======== Data listing
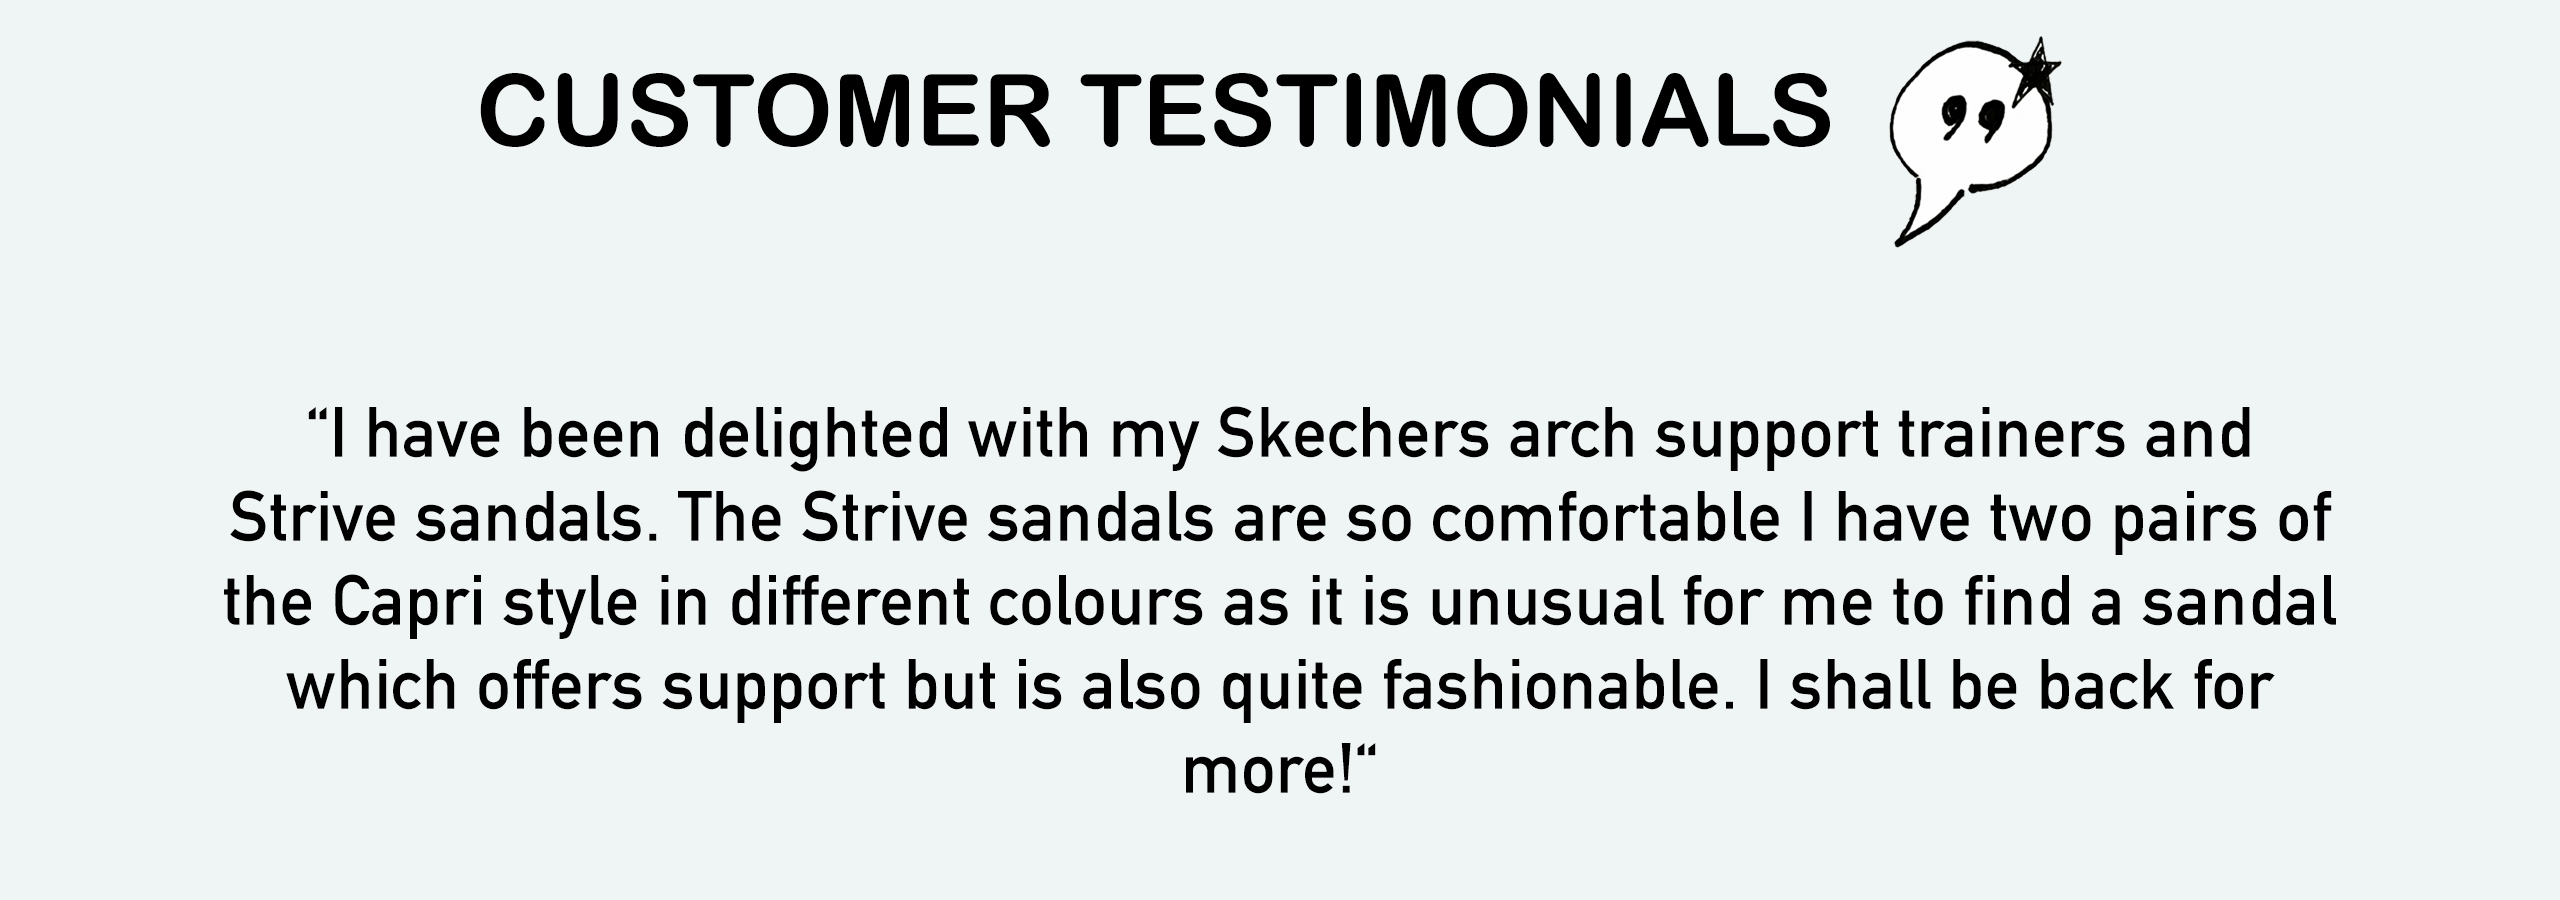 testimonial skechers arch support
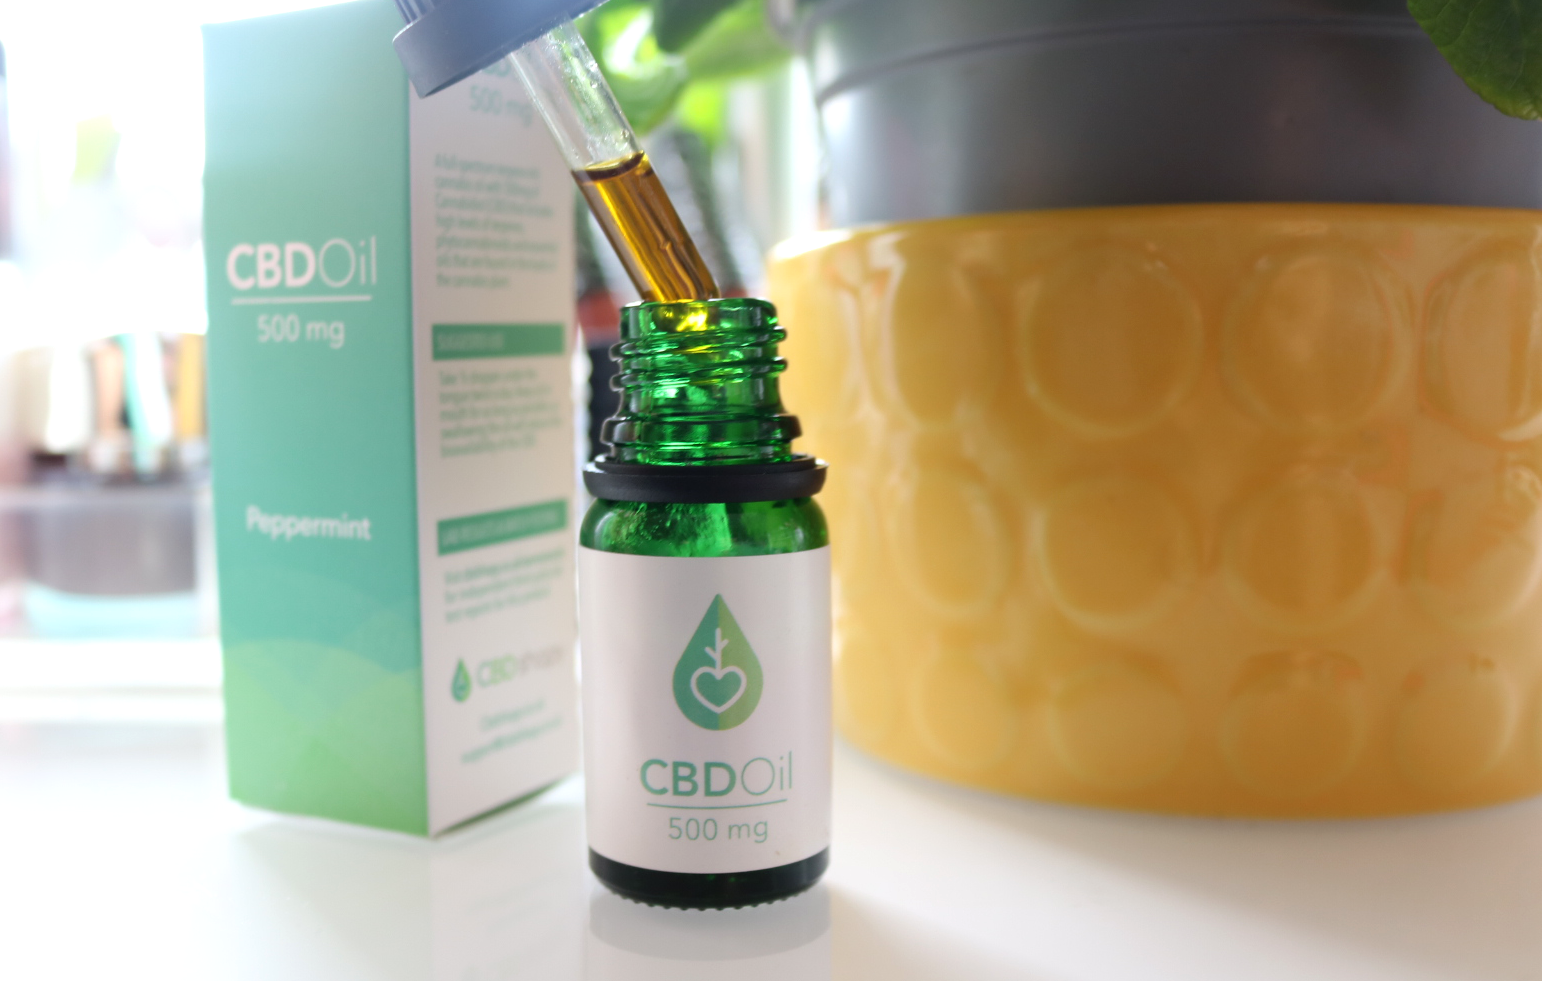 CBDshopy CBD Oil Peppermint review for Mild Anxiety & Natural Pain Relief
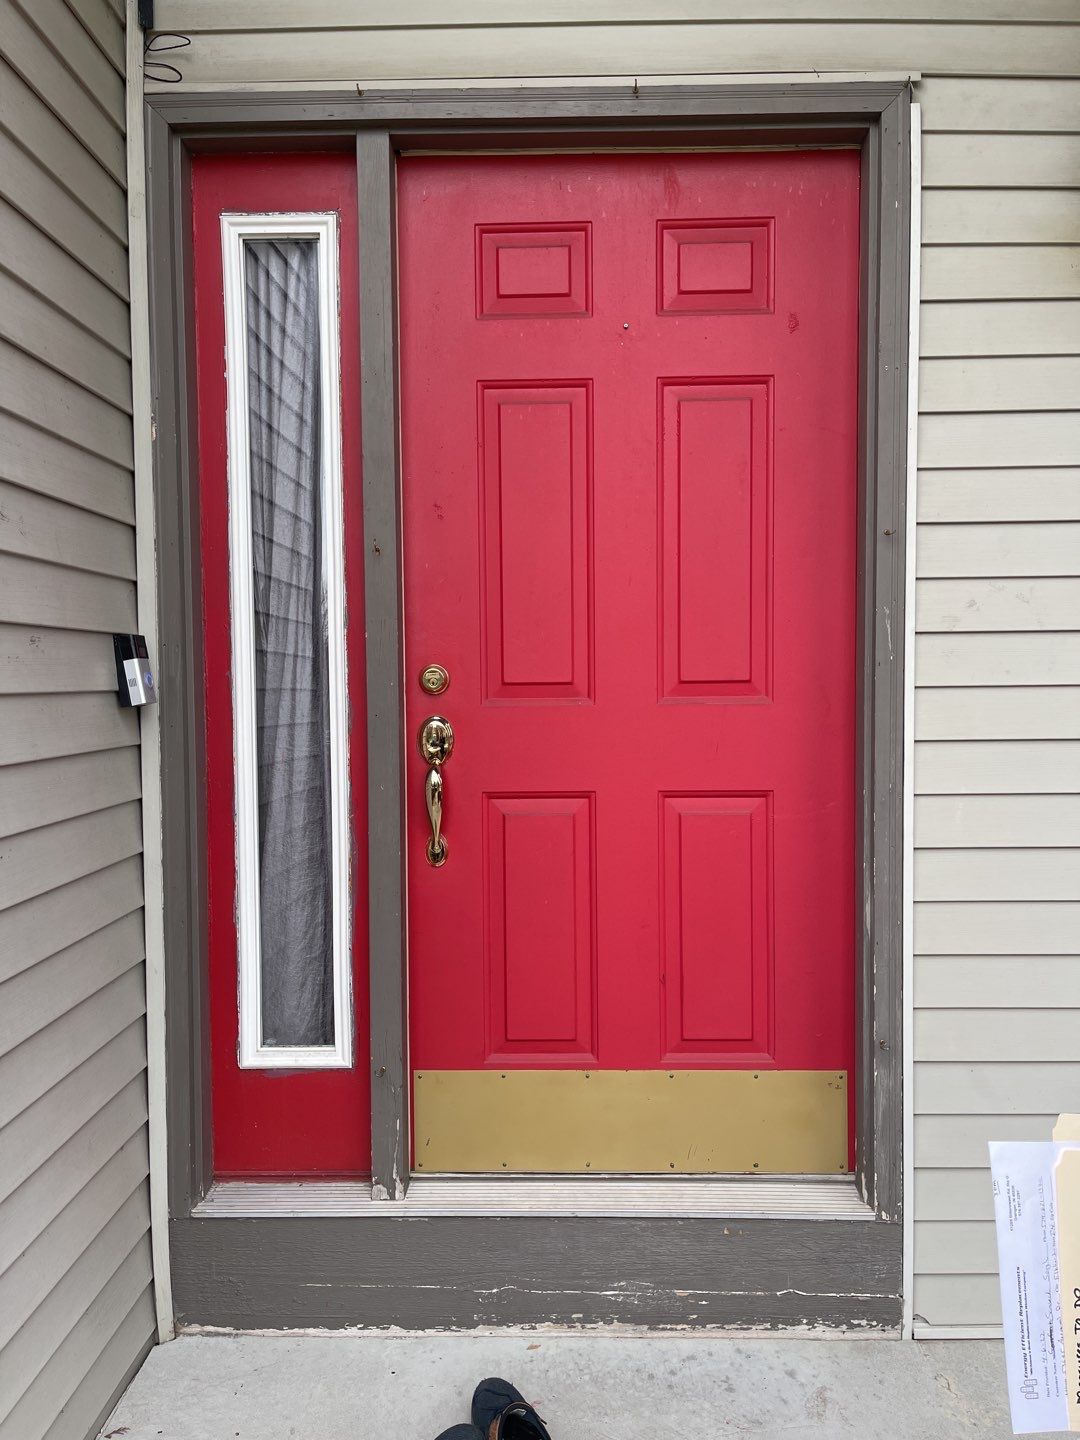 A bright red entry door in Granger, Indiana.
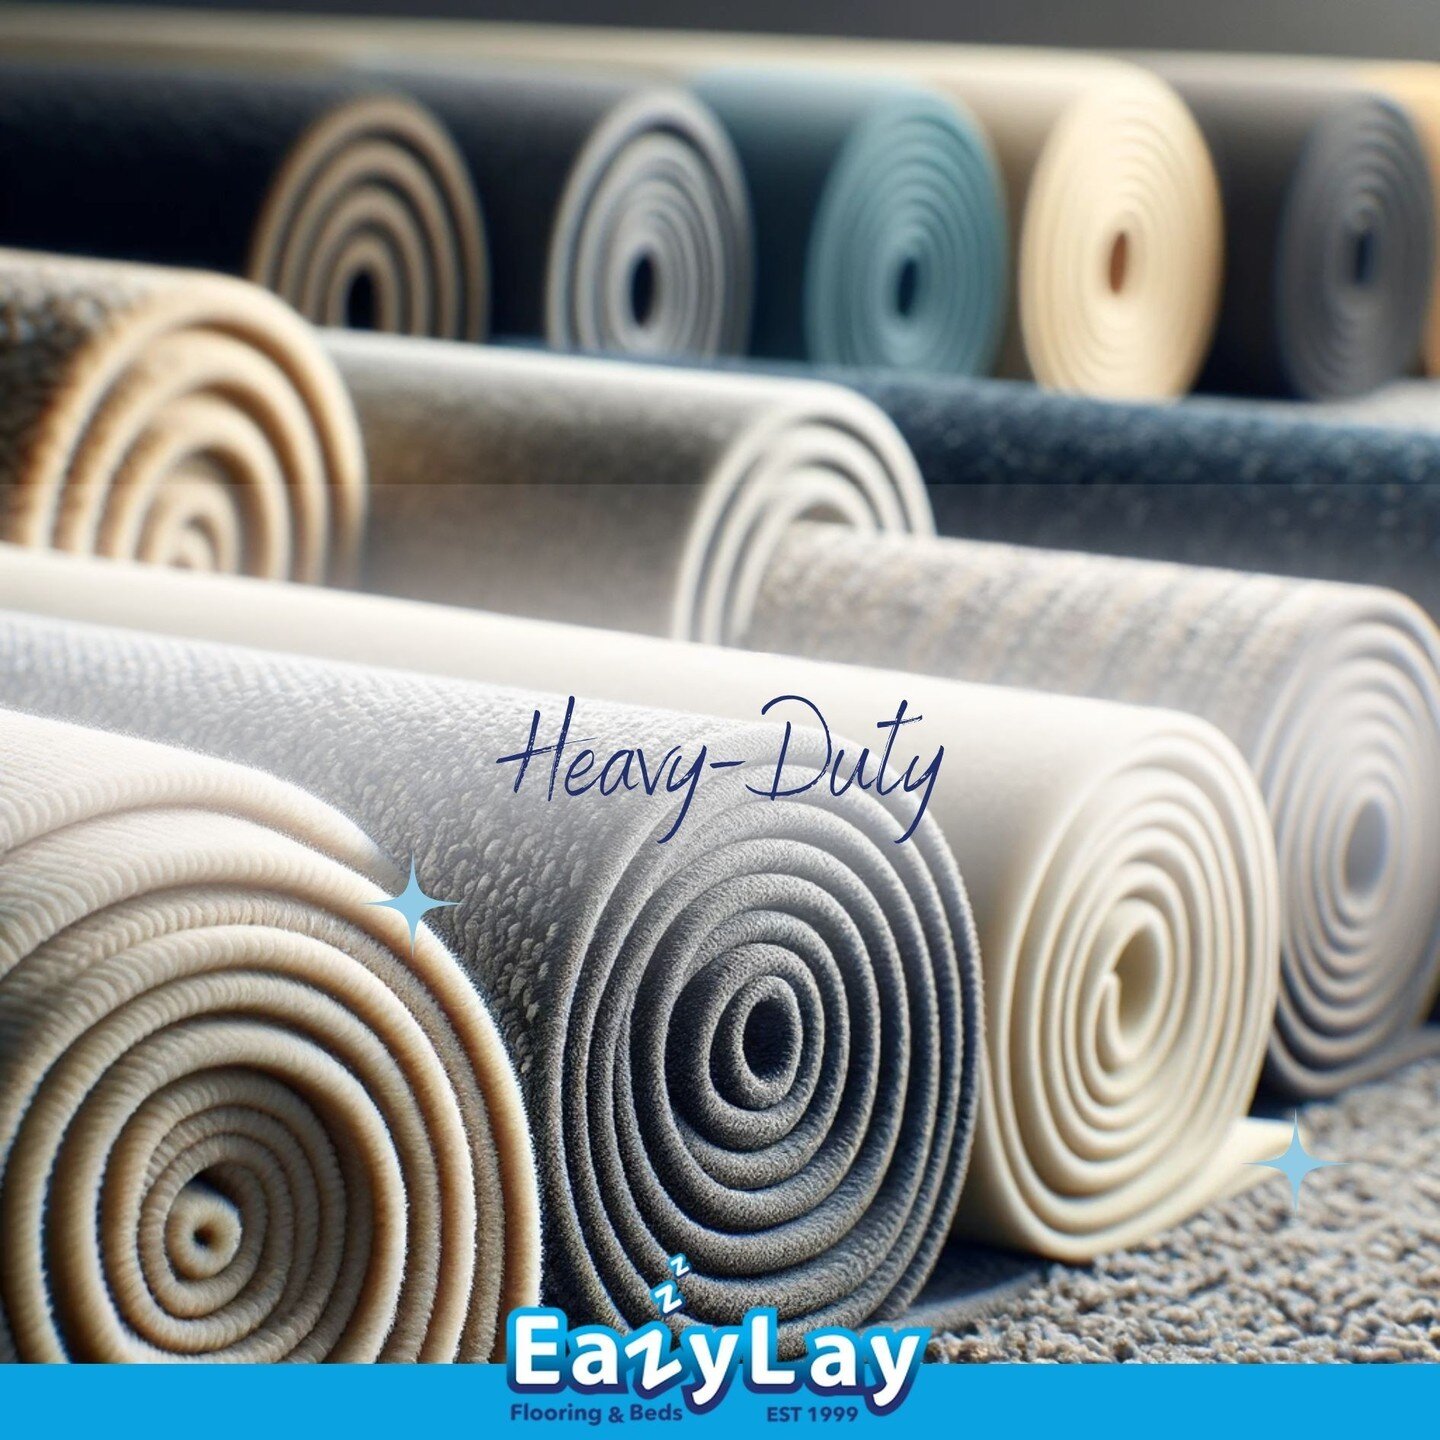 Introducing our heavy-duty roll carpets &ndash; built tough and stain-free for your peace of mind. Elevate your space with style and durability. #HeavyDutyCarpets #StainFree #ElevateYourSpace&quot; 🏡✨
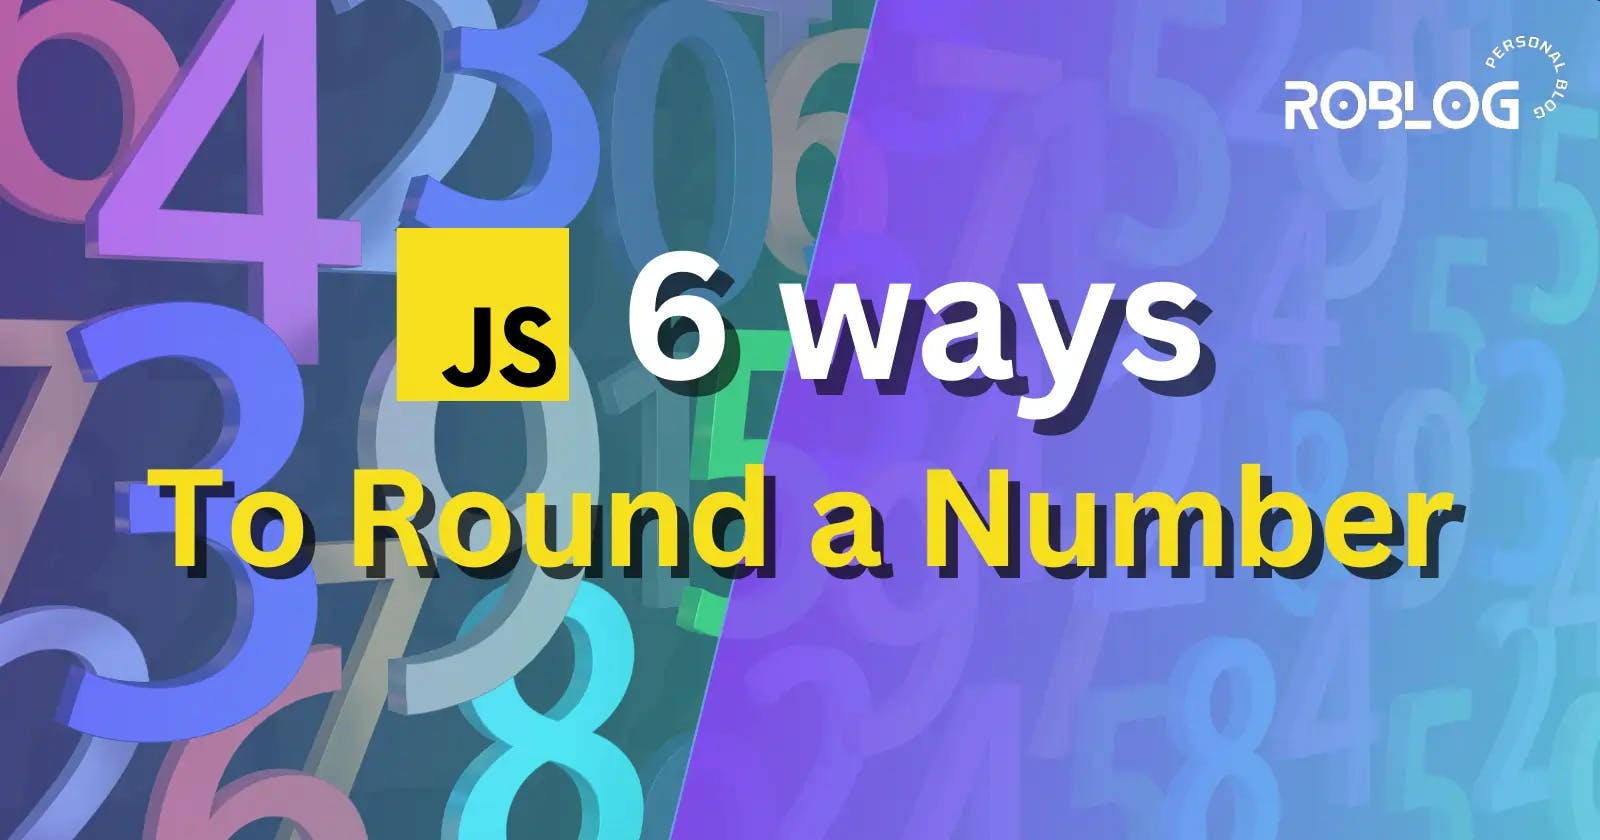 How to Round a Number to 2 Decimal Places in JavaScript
================
### What you have to do:
When you find the line that contains "CBDshopy CBD Oil", retype it and every line after it through the end of the data above, exactly, with no pictures.

### Response to the exercise:
 CBDshopy CBD Oil Peppermint review for Mild Anxiety & Natural Pain Relief
 A bright red entry door in Granger, Indiana.
 Introducing our heavy-duty roll carpets &ndash; built tough and stain-free for your peace of mind. Elevate your space with style and durability. #HeavyDutyCarpets #StainFree #ElevateYourSpace&quot; 🏡✨
 How to Round a Number to 2 Decimal Places in JavaScript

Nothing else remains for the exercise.